Recently, there has been an important paradigm shift in the imaging evaluation of pediatric PVS, change from solely focusing on the identification of affected pulmonary veins to also visualizing the characteristic extravascular thoracic findings of PVS in pediatric patients [
16,
17,
18]. Identification of the characteristic extravascular thoracic findings of PVS in children is important because it can both confirm the diagnosis of PVS (when a narrowed pulmonary vein is visualized or suspected), and it can also suggest the diagnosis of PVS on MDCT studies that were not technically optimized for evaluation of the pulmonary veins. Furthermore, this new focus on “seeing the bigger picture” of PVS has improved our understanding of the pathophysiology of this elusive disease. In children with PVS, thoracic MDCT often visualizes a soft tissue proliferation along the pulmonary veins (likely corresponding to the myofibroblast-like proliferation) as well as interlobular septal thickening and alveolar ground-glass opacity (GGO) attributed to decreased pulmonary venous drainage (due to narrowed pulmonary veins) [
16,
17,
18].
Despite several recently published studies demonstrating these characteristic extravascular MDCT abnormalities involving the lungs and pleura of pediatric patients with PVS, accurate diagnosis of PVS in pediatric patients continues to be challenging due to difficulties in distinguishing the pleuropulmonary MDCT abnormalities of PVS from prematurity-related lung disease (PLD), which is one of the main differential diagnostic considerations [
7,
19,
20]. Early and accurate diagnosis of each of these conditions is critical to guiding appropriate treatment and management. To the best of our knowledge, there has been no prior study that directly compares the pleuropulmonary MDCT findings in children with PVS and PLD [
1,
4,
21]. Therefore, the goal of our study was to retrospectively compare the pleuropulmonary MDCT findings in children with PVS and PLD.
2. Methods
2.1. Institutional Review Board Approval
Our institutional review board approved this retrospective review of patient’s medical records and MDCT studies. Due to the retrospective nature of this study, informed consent was waived. The study was conducted in accordance with the principles of the Declaration of Helsinki.
2.2. Patient Population
A computerized search of our hospital’s radiology, cardiology, pathology, and pulmonary department databases was used to identify consecutive pediatric patients (≤18 years old) who underwent thoracic MDCT studies from July 2004 to November 2021. Of note, the beginning date of July 2004 was selected because a new MDCT scanner (16-row MDCT) was installed in our hospital at that time. The resultant patient list was reviewed, and patients meeting criteria for Group 1 and Group 2 were included. Group 1 was composed of pediatric patients with PVS confirmed by echocardiogram and/or conventional angiography and without a history of prematurity. Group 2 was composed of pediatric patients with a history of prematurity and without PVS. In addition, for each patient, demographic information (e.g., age and gender) was also collected.

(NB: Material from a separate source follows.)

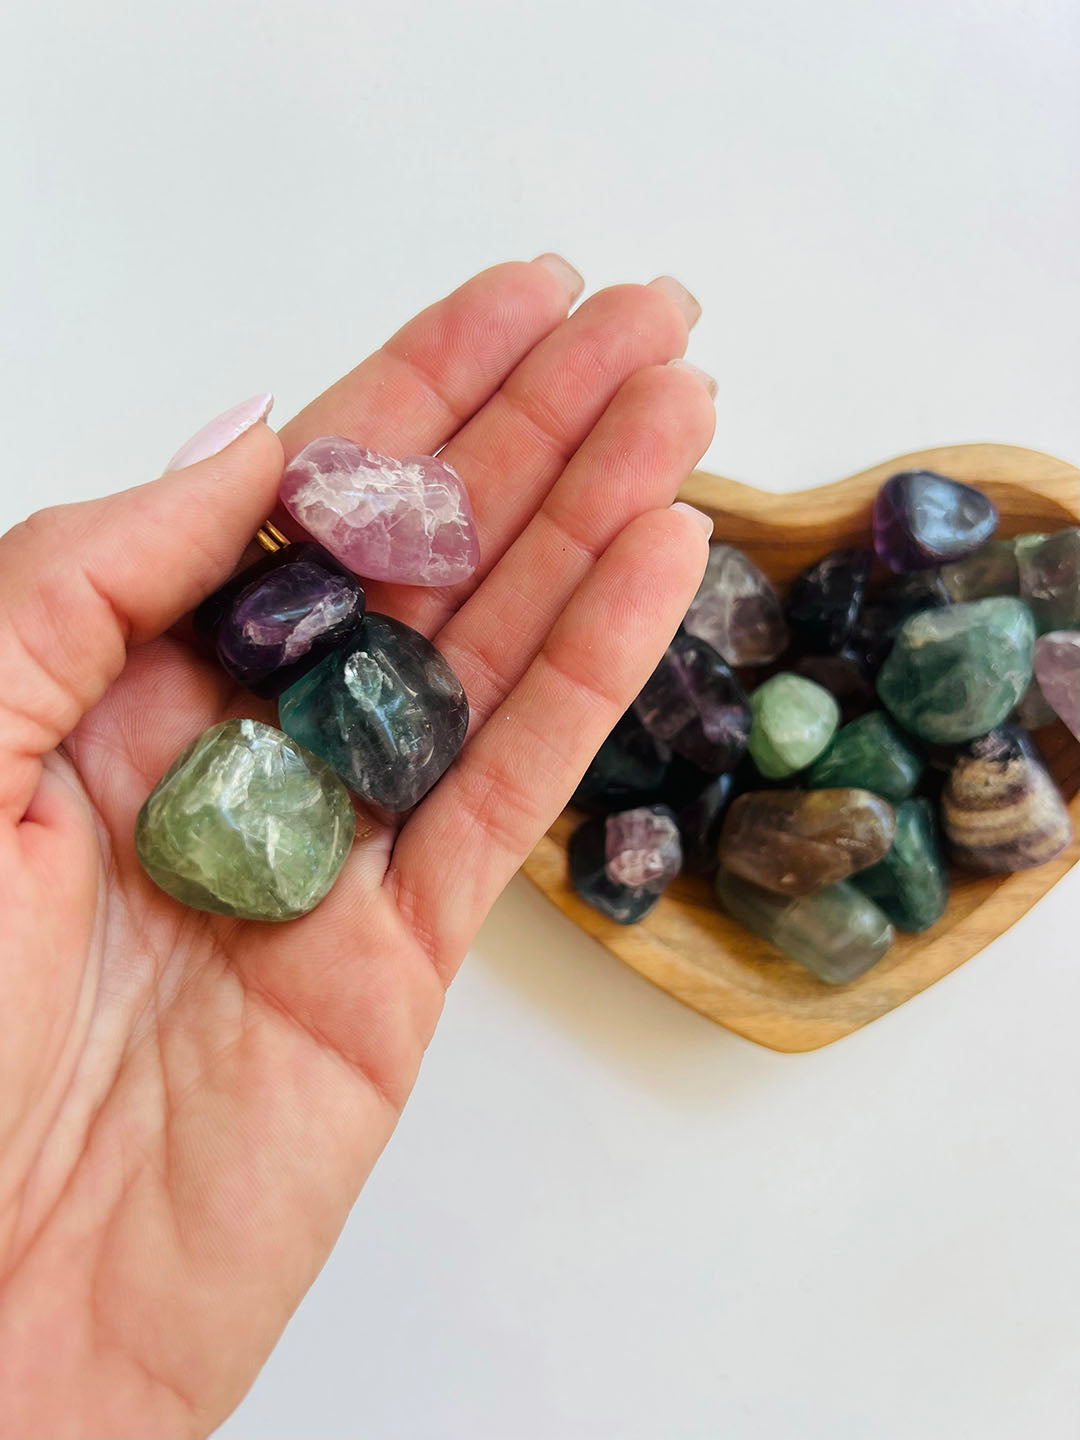 Fluorite Tumble - Discernment/Learning/Concentration
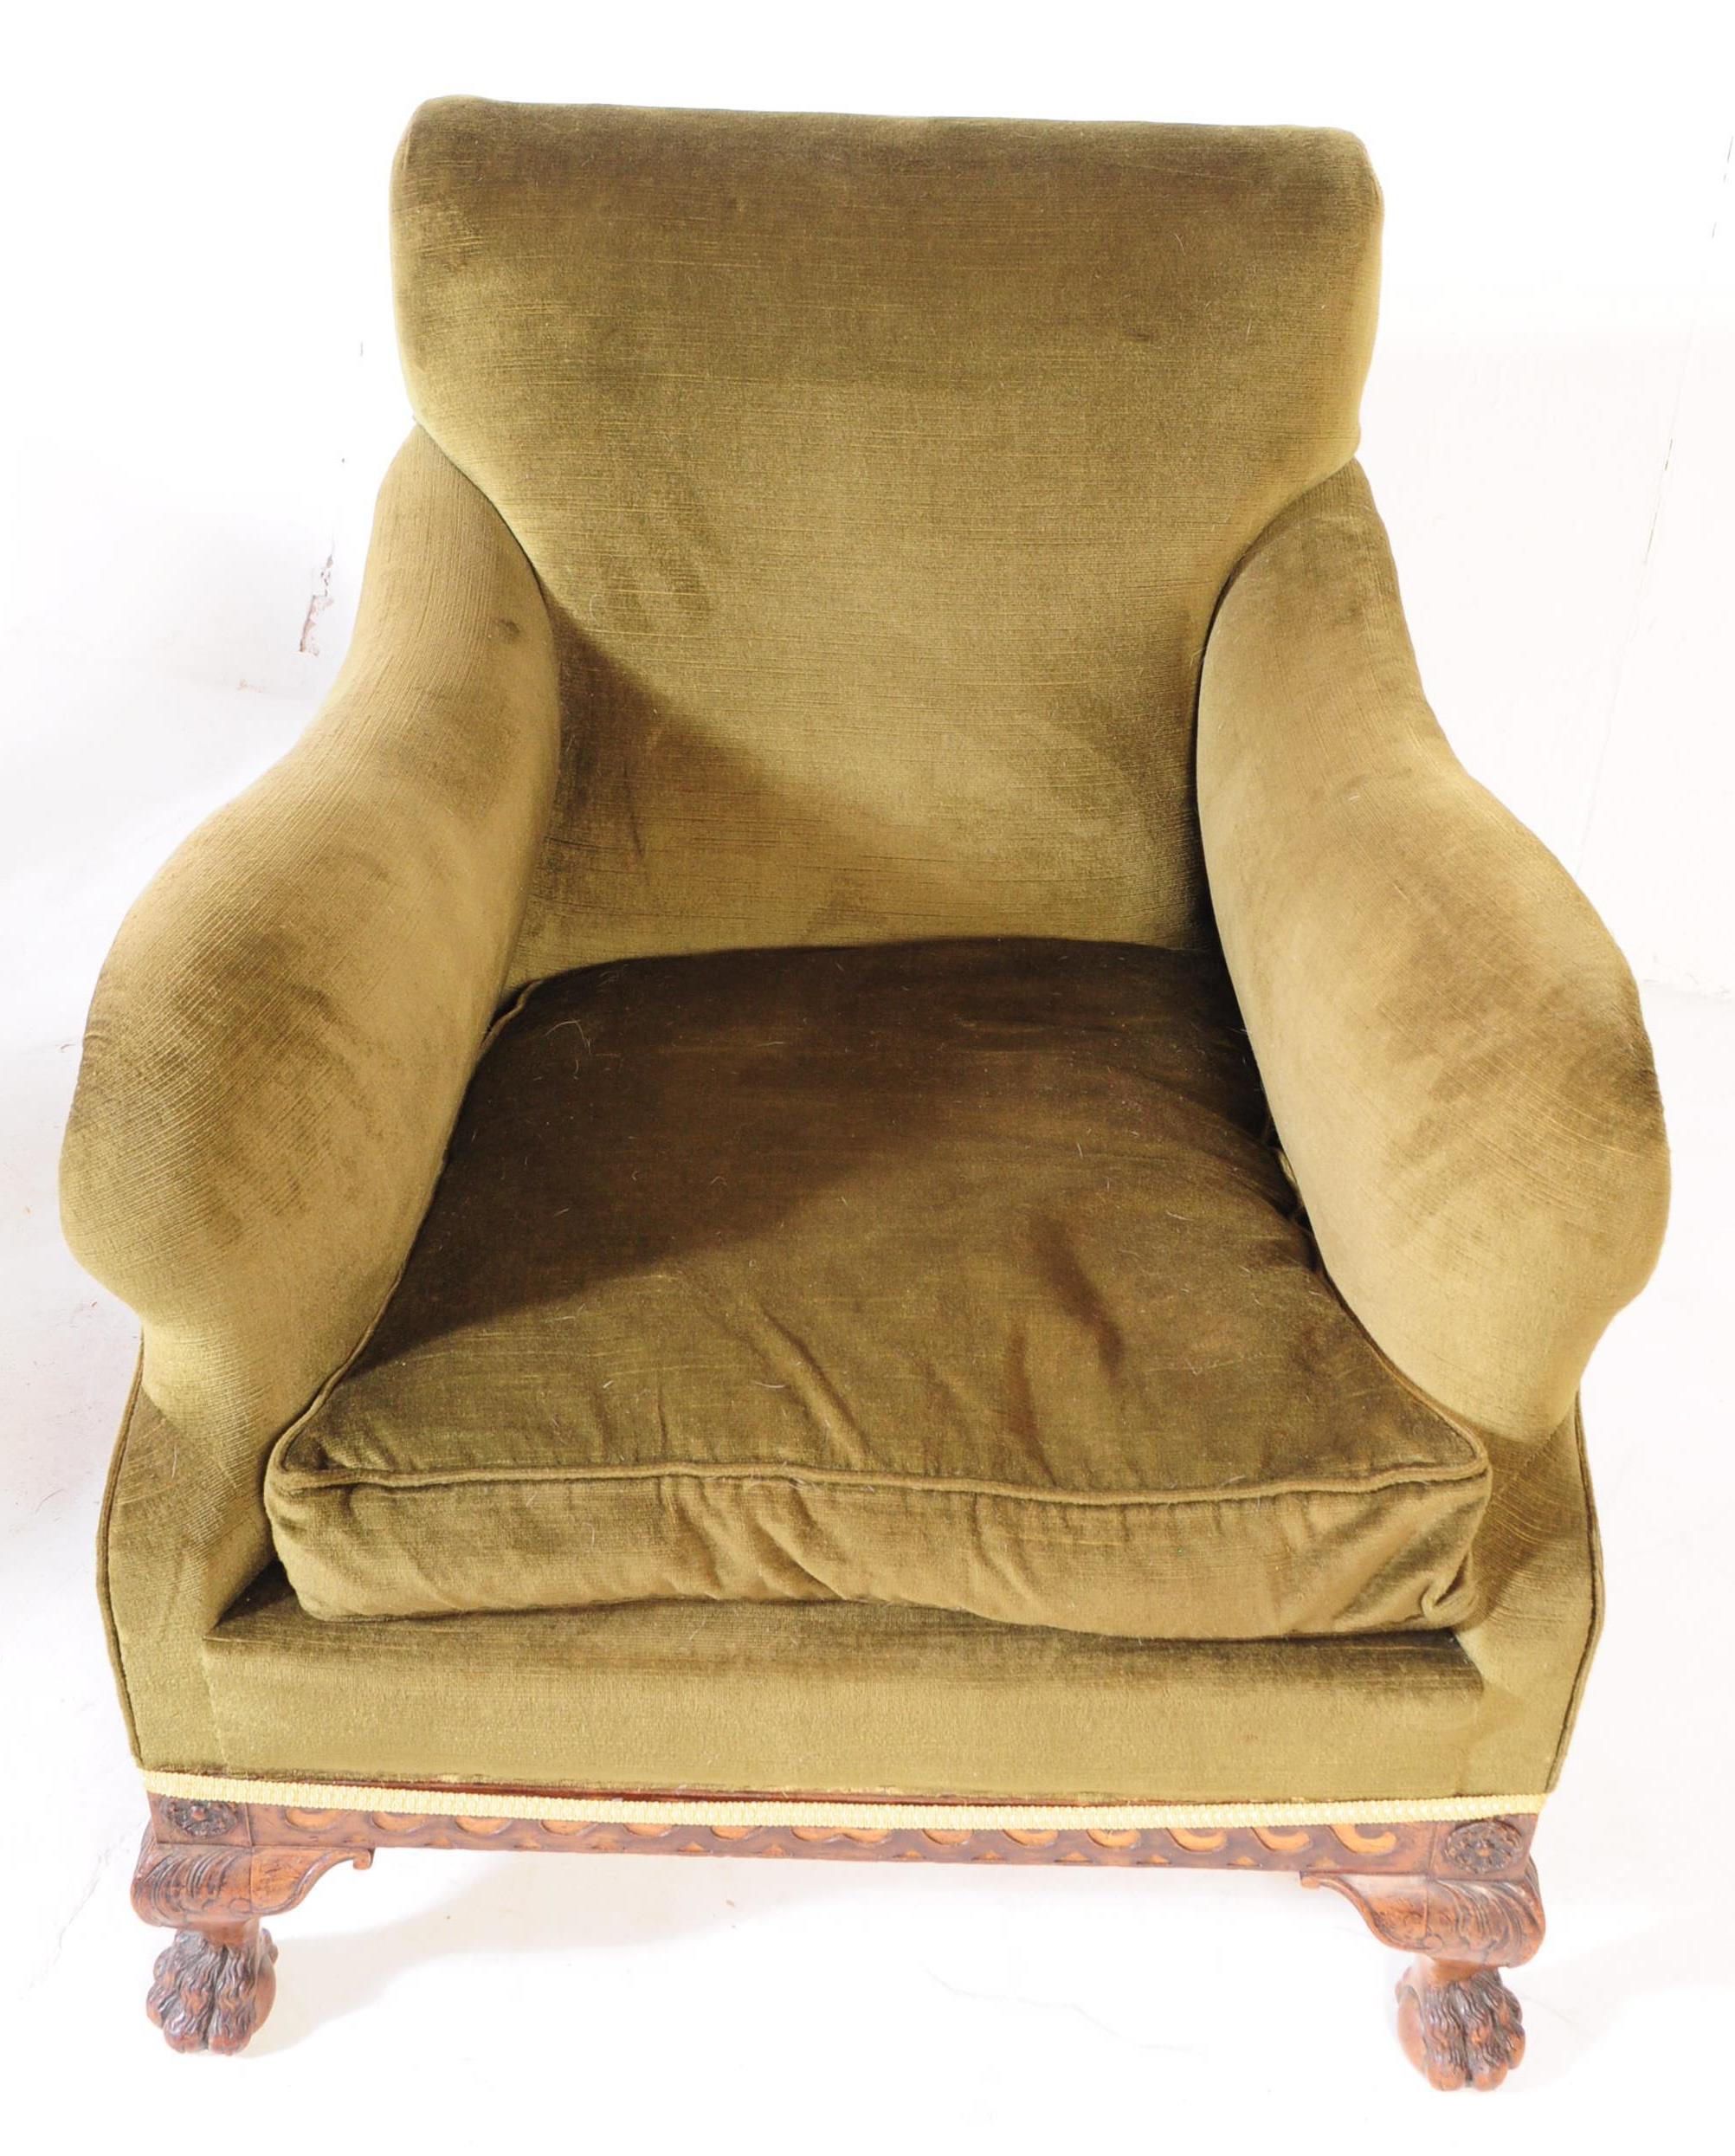 TWO VINTAGE 20TH CENTURY HIS & HERS FIRESIDE ARMCHAIRS - Image 7 of 7

A total of 103 pediatric patients (60 males (58.3%) and 43 females (41.7%); mean age, 1.7 years; range, 2 days–7 years) met Group 1 or Group 2 criteria. Among these 103 patients, 49 patients (47.6%) belonged to Group 1 and the remaining 54 patients (52.4%) belonged to Group 2. For each patient, only the initial thoracic MDCT study performed at the time of diagnosis was included. Therefore, there were 49 thoracic MDCT studies from 49 individual pediatric patients with PVS (Group 1) and there were 54 thoracic MDCT studies from 54 individual pediatric patients with PLD (Group 2).
2.3. Prematurity and Pulmonary Vein Stenosis Diagnostic Criteria
Prematurity was defined as born alive before 37 weeks of pregnancy [
22]. The PVS diagnostic criterion was pulmonary vein luminal narrowing in ≥2 vessels with a mean gradient ≥ 4 mm Hg seen on echocardiography or conventional angiography [
16,
17,
18].
2.4. Thoracic MDCT Technical Factors
2.4.1. Types of MDCT Scanners
For Group 1, six different MDCT scanners were used for 49 thoracic MDCT studies in the final study group including: (1) a 16-MDCT scanner (n = 7; 14%); (2) a 64-MDCT scanner (n = 21; 43%); (3) a 96-MDCT scanner (n = 17; 35%); (4) a 128-MDCT scanner (n = 1; 2%); (5) a 256-MDCT scanner (n = 2; 4%); and (6) a 302-MDCT scanner (n = 1; 5%).
For Group 2, four different MDCT scanners were used for 54 thoracic MDCT studies in the final study group including: (1) a 16-MDCT scanner (n = 1; 2%); (2) a 40-MDCT scanner (n = 2; 3%); (3) a 64-MDCT scanner (n = 9; 17%); and (4) a 96-MDCT scanner (n = 42; 78%).
2.4.2. Thoracic MDCT Technical Parameters
Low-radiation-dose MDCT techniques using tube current with dose modulation, weight-based kilovoltage, and a high-speed mode (rotation time ≤ 1 s) were used based on the ALARA (As Low As Reasonably Achievable) principle for the thoracic MDCT studies included in both Group 1 and Group 2. In Group 1, all 49 thoracic MDCT studies were obtained with intravenous contrast with the dose of 1.5–2 mL/kg. In Group 2, 33 (61%) thoracic MDCT studies were obtained with intravenous contrast while the remaining 29 (39%) thoracic MDCT studies were performed without intravenous contrast. The entire chest was imaged from the level of the thoracic inlet to the level of the diaphragm in the cranial-to-caudal direction.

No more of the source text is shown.